Table 7 Comparison of observed and calculated damage using the equipment damage functions in Fig. 1

Damage simulated by these functions was compared to observed damage for a small set of activities, composed by the enterprises of Lodi, Secchia, Sardegna and Enza that belong to the typologies clothing shop, pharmacy, tobacconist, supermarket and restaurants. Table 7 compares observed and estimated damage in the four case studies, in terms of absolute damage, for the activities of interest.

4 Discussion and Conclusion

The results of both approaches constitute a base knowledge to develop a more complete damage modeling tool. In fact, the empirical approach supplies reference damage values that can be used to assess the damage for macro-categories of activities as a function of different variables. The synthetic approach provides simple damage functions to assess damage to equipment for a limited number of activity types, but more specific, and as function of water depth only. These tools can be used together, according to the available information, to obtain an appraisal of the order of magnitude of potential damage.

Despite these results represent a first attempt of developing a flood damage model for economic activities in Italy, the error computed from the comparison with observed damage has the same order of magnitude of more developed models. In the synthetic approach, excluding tobacconists, simulated/observed ratio varies between 0.6 and 4.8 (Table 7). These results do not exceed expectations and are in line with the estimation errors observed in other case studies. For instance, for the residential sector, analysis in [19] revealed an average ratio between damage calculated by different European models and observed damage of 4.06. Reasons of estimation errors are related not only to the uncertainty of the model, but also to the quality of data, deriving from different citizens and processed from different authorities.

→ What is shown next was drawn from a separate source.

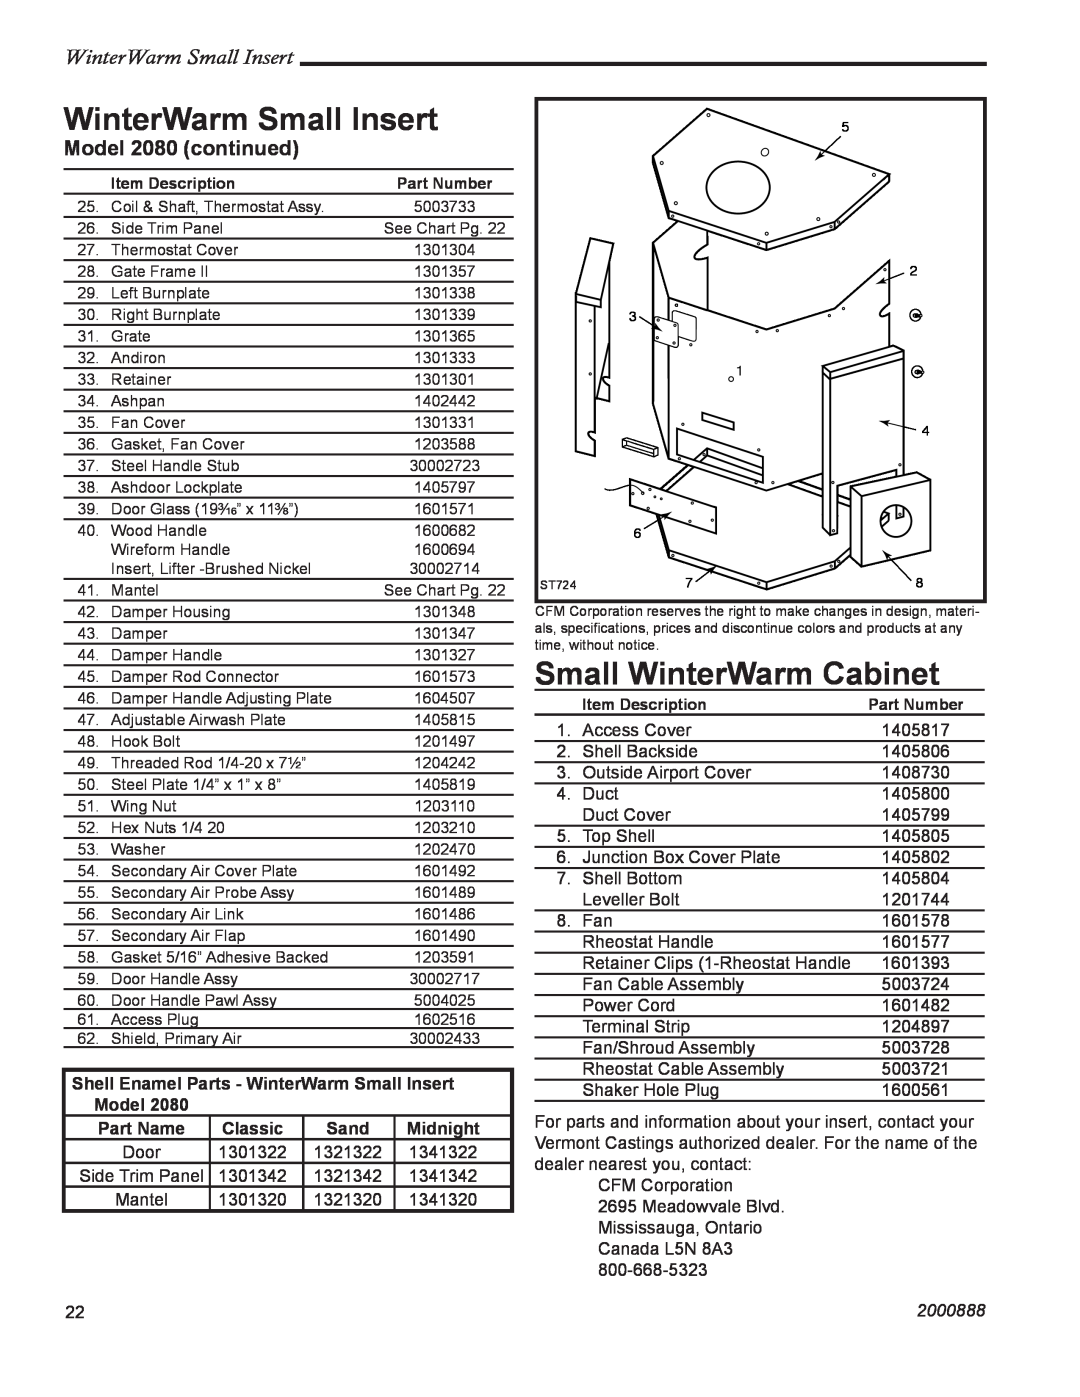 CFM Corporation Winter Warm - Small Insert Model 2080 continued, WinterWarm Small Insert, Small WinterWarm Cabinet

To conclude, this study contributes to improve the present knowledge on damage mechanisms to economic activities in the Italian context. In particular, the performed analyses led to the characterization of damage composition, and to the estimate of relative damage and mean absolute damage by categories of activity. The study faced some obstacles as the little number of data, the lack of homogeneity in the information included in collected damage data and the lack of available and complete databases to characterize the enterprises. The results need to be tested and validated with further data and in new case studies, before actually be delivered to end-users. Nevertheless, they allow to obtain a quantitative appraisal of potential damage, that is recommended for an objective and transparent evaluation of protection measures, both before and after a disastrous event. Moreover, quantitative assessment of damage is at the base of cost–benefit analyses implemented to evaluate effectiveness of mitigation interventions and their prioritizing. It is also useful for managing damage compensation in the post-event, especially in countries like Italy, where the insurance system is not enough diffused and compensation is mostly in charge of public authorities.

The current global context, characterized by an increase of intense events and risk-prone assets, requires an increasing effort in actions of prevention and mitigation of risk. Flood damage assessment to economic activities contributes to improve these actions, considering the central role of businesses in the wellbeing of society [11]. Consequently, it contributes to the management of more safe and resilient cities and to the achievement of goals of 2030 Agenda for Sustainable Development.